> [Given information]:
☆ ☆ ☆ ☆

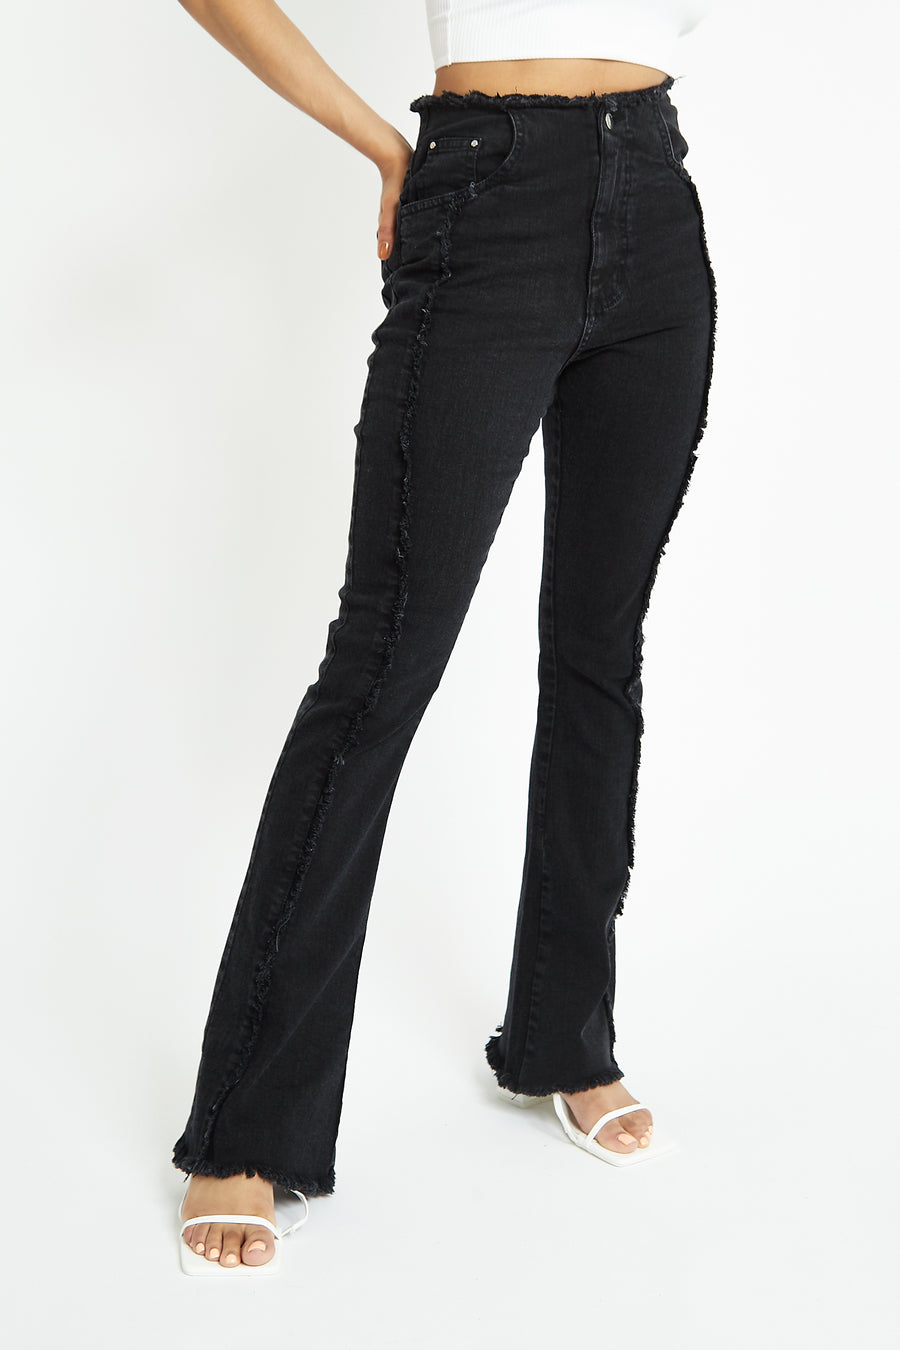 Black Frayed Flare Jeans
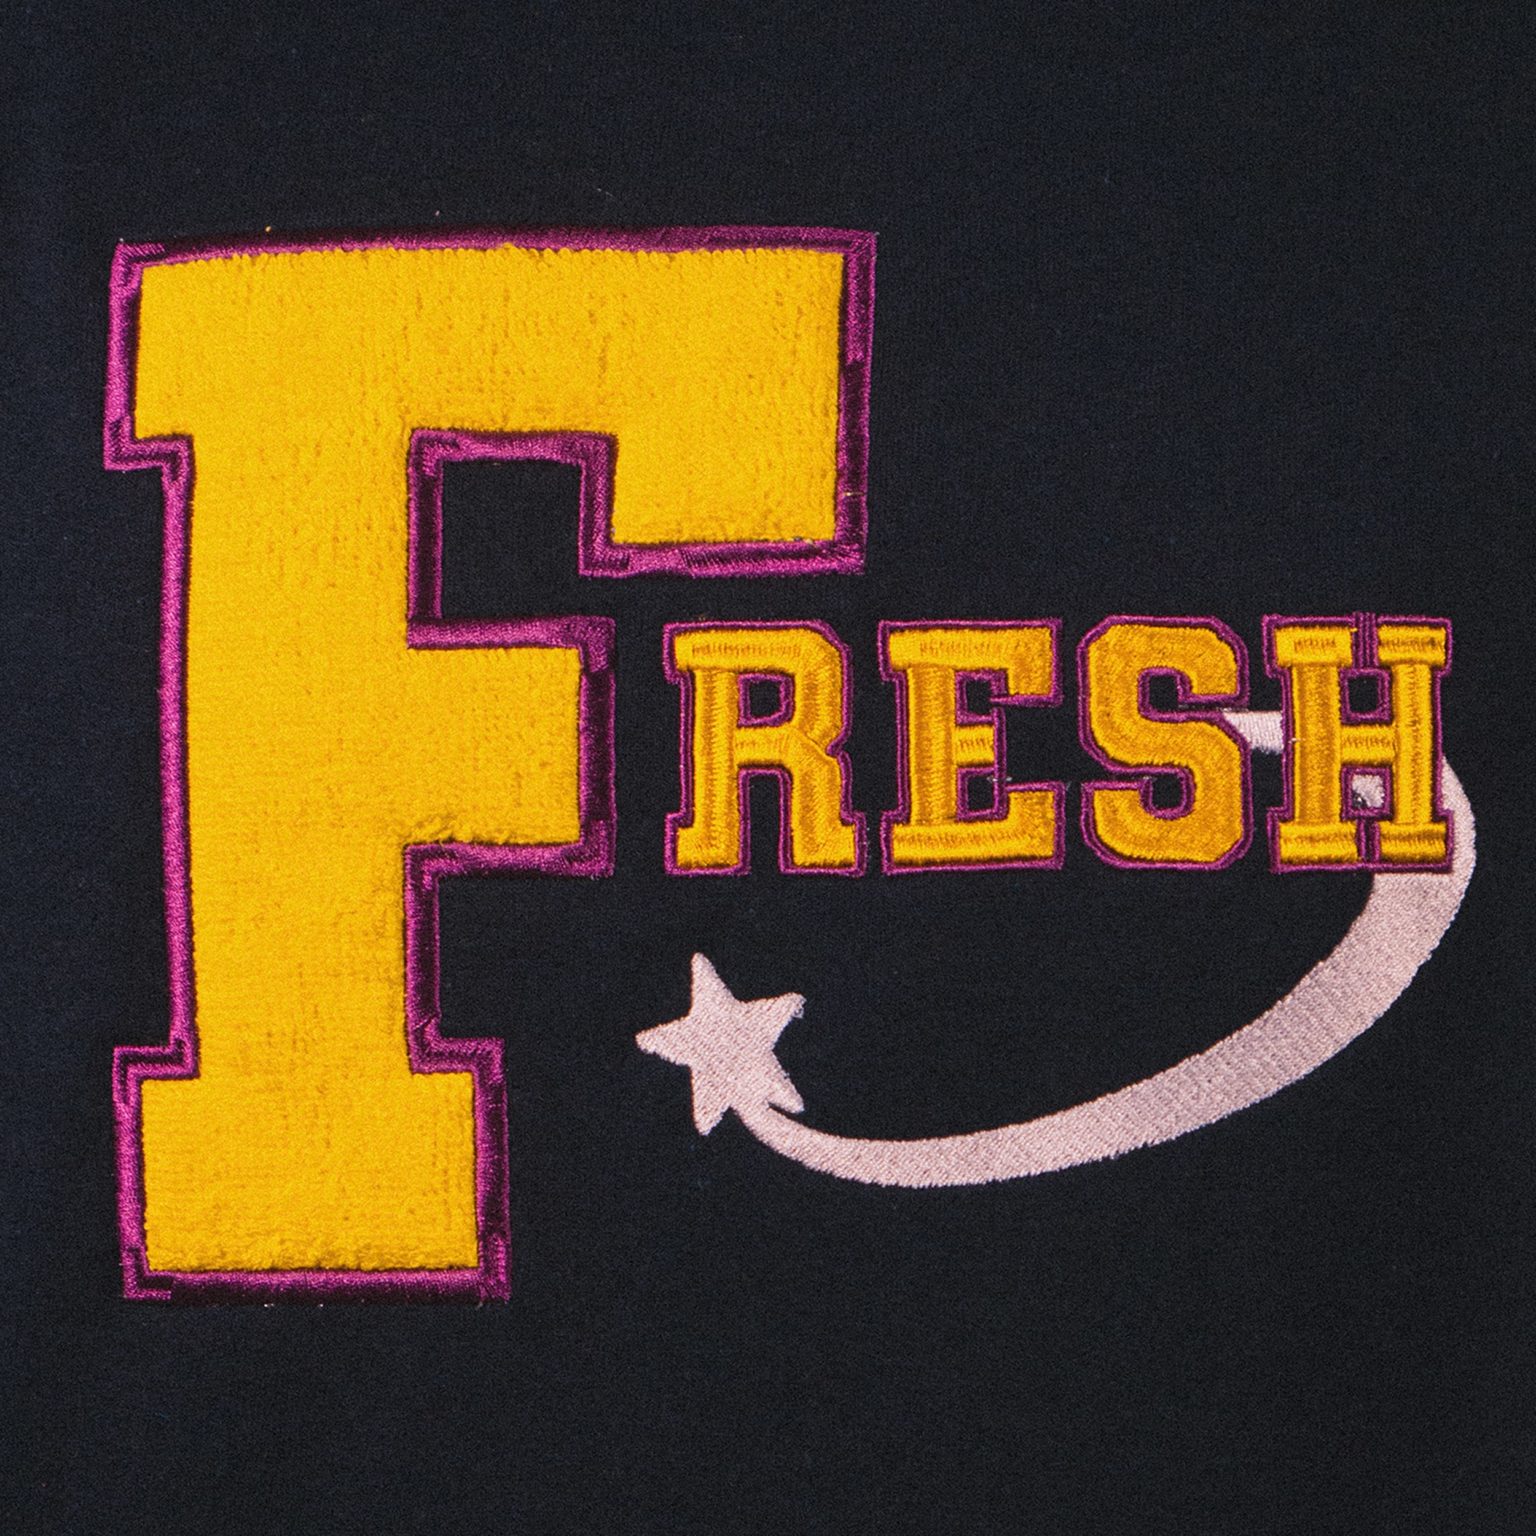 The Fresh Stuff – Varsity Unisex Embroidered Sweatshirt (Navy)
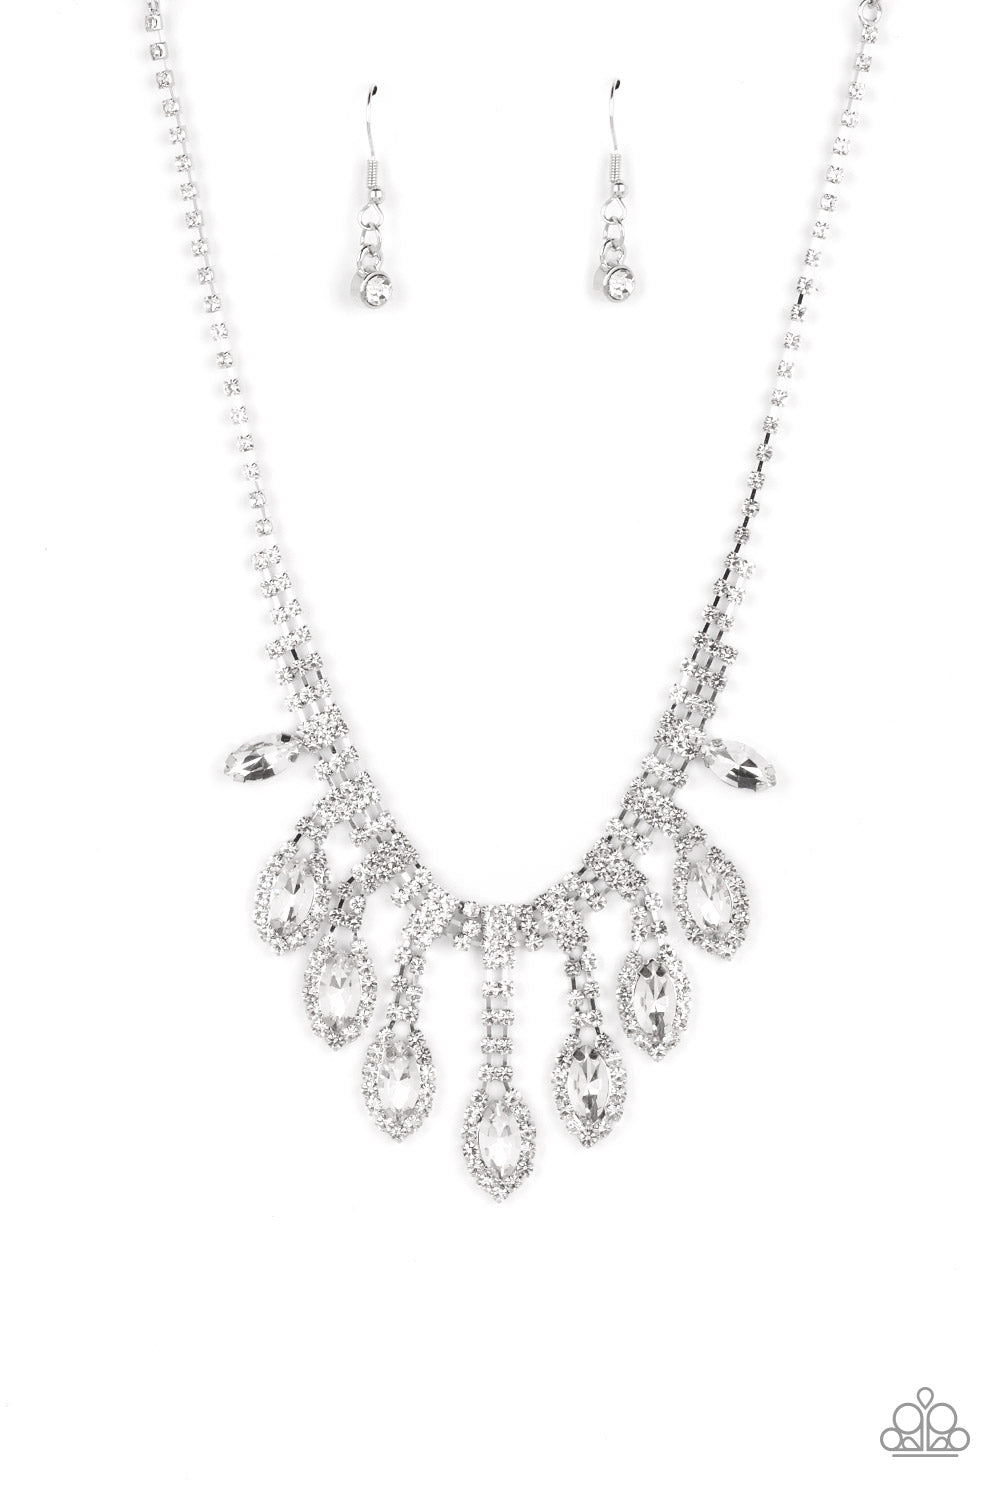 REIGNING Romance White Rhinestone Necklace - Paparazzi Accessories- lightbox - CarasShop.com - $5 Jewelry by Cara Jewels
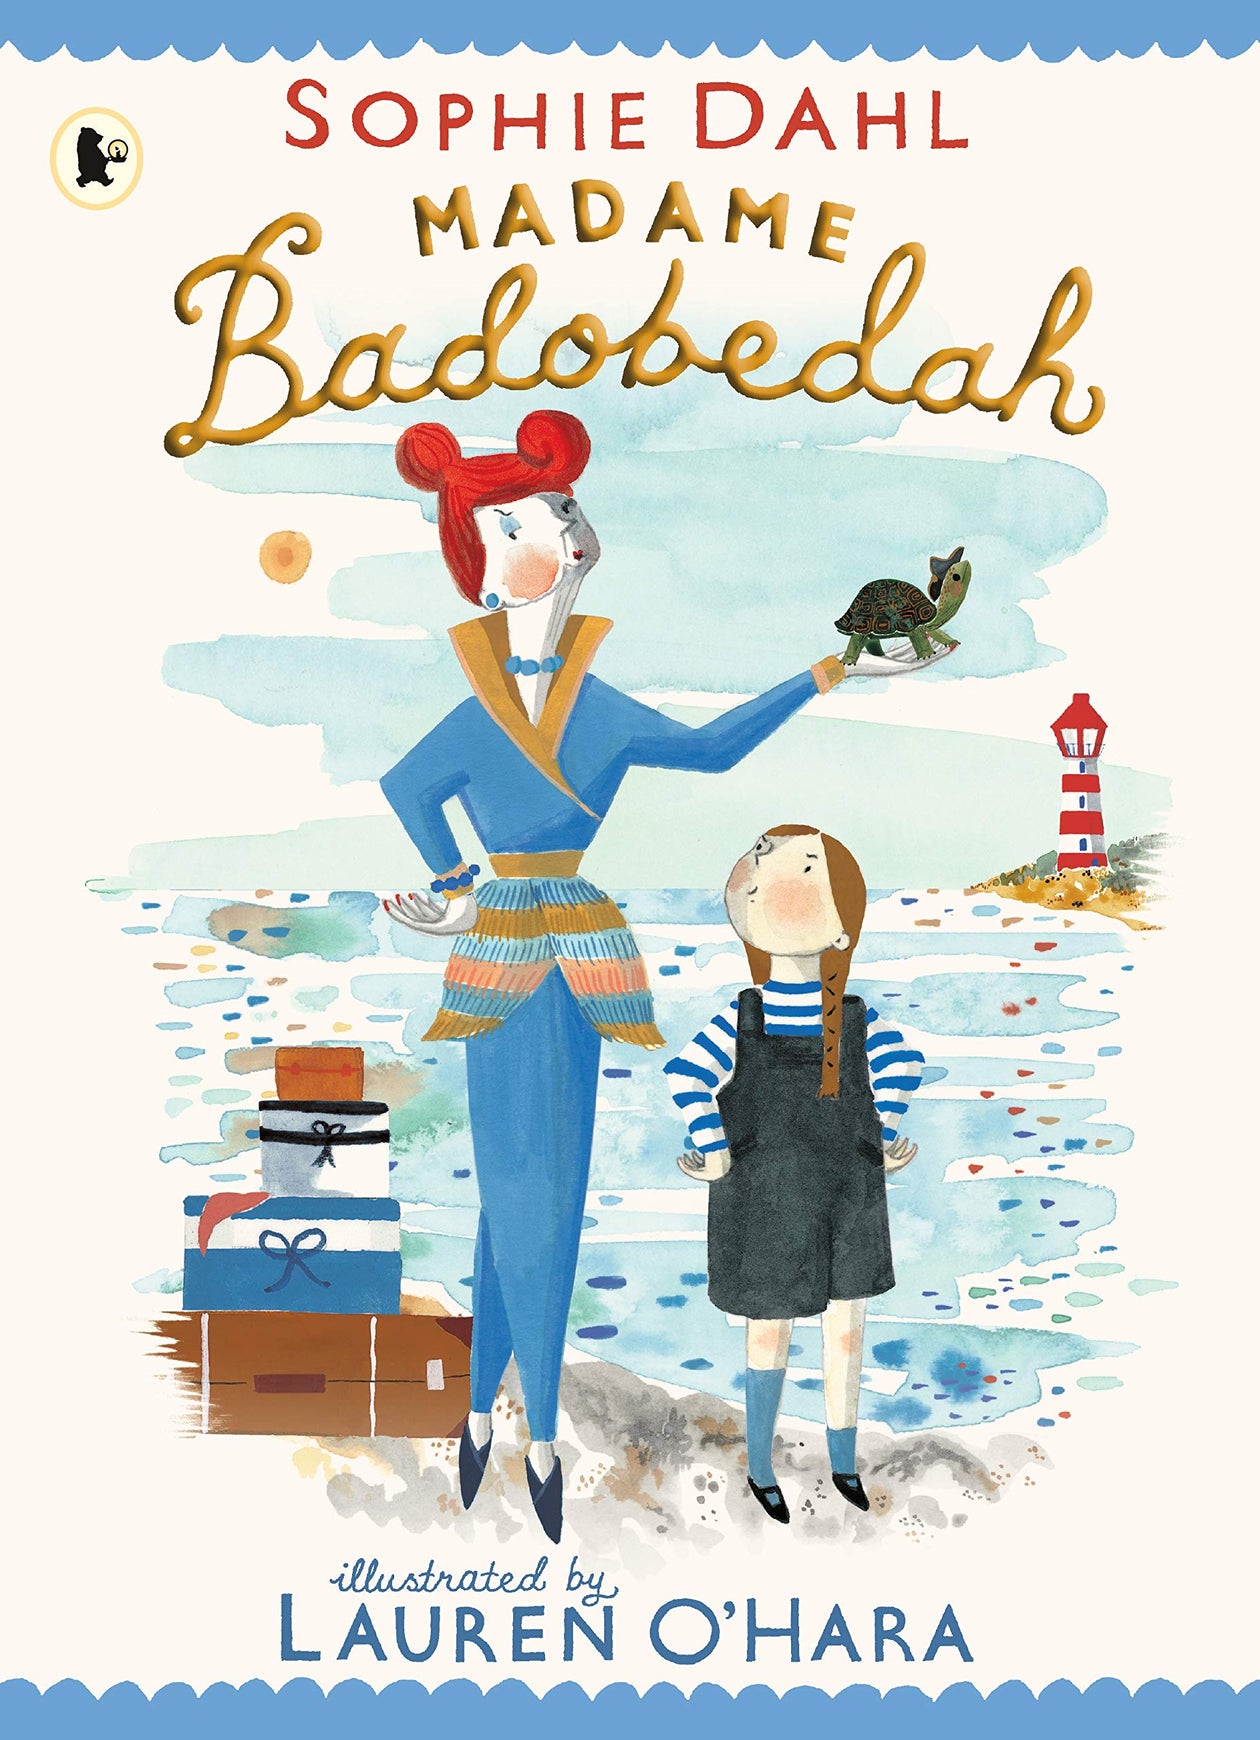 Madame Badobedah by Sophie Dahl, illustrated by Lauren O'Hara

☆ ☆ ☆ ☆

> [Problem to work on]:
Retype the entire listing exactly as it appears, dropping only the pictures.

> [Written answer]:
 Black Frayed Flare Jeans
 The Fresh Stuff – Varsity Unisex Embroidered Sweatshirt (Navy)
 REIGNING Romance White Rhinestone Necklace - Paparazzi Accessories- lightbox - CarasShop.com - $5 Jewelry by Cara Jewels
 Madame Badobedah by Sophie Dahl, illustrated by Lauren O'Hara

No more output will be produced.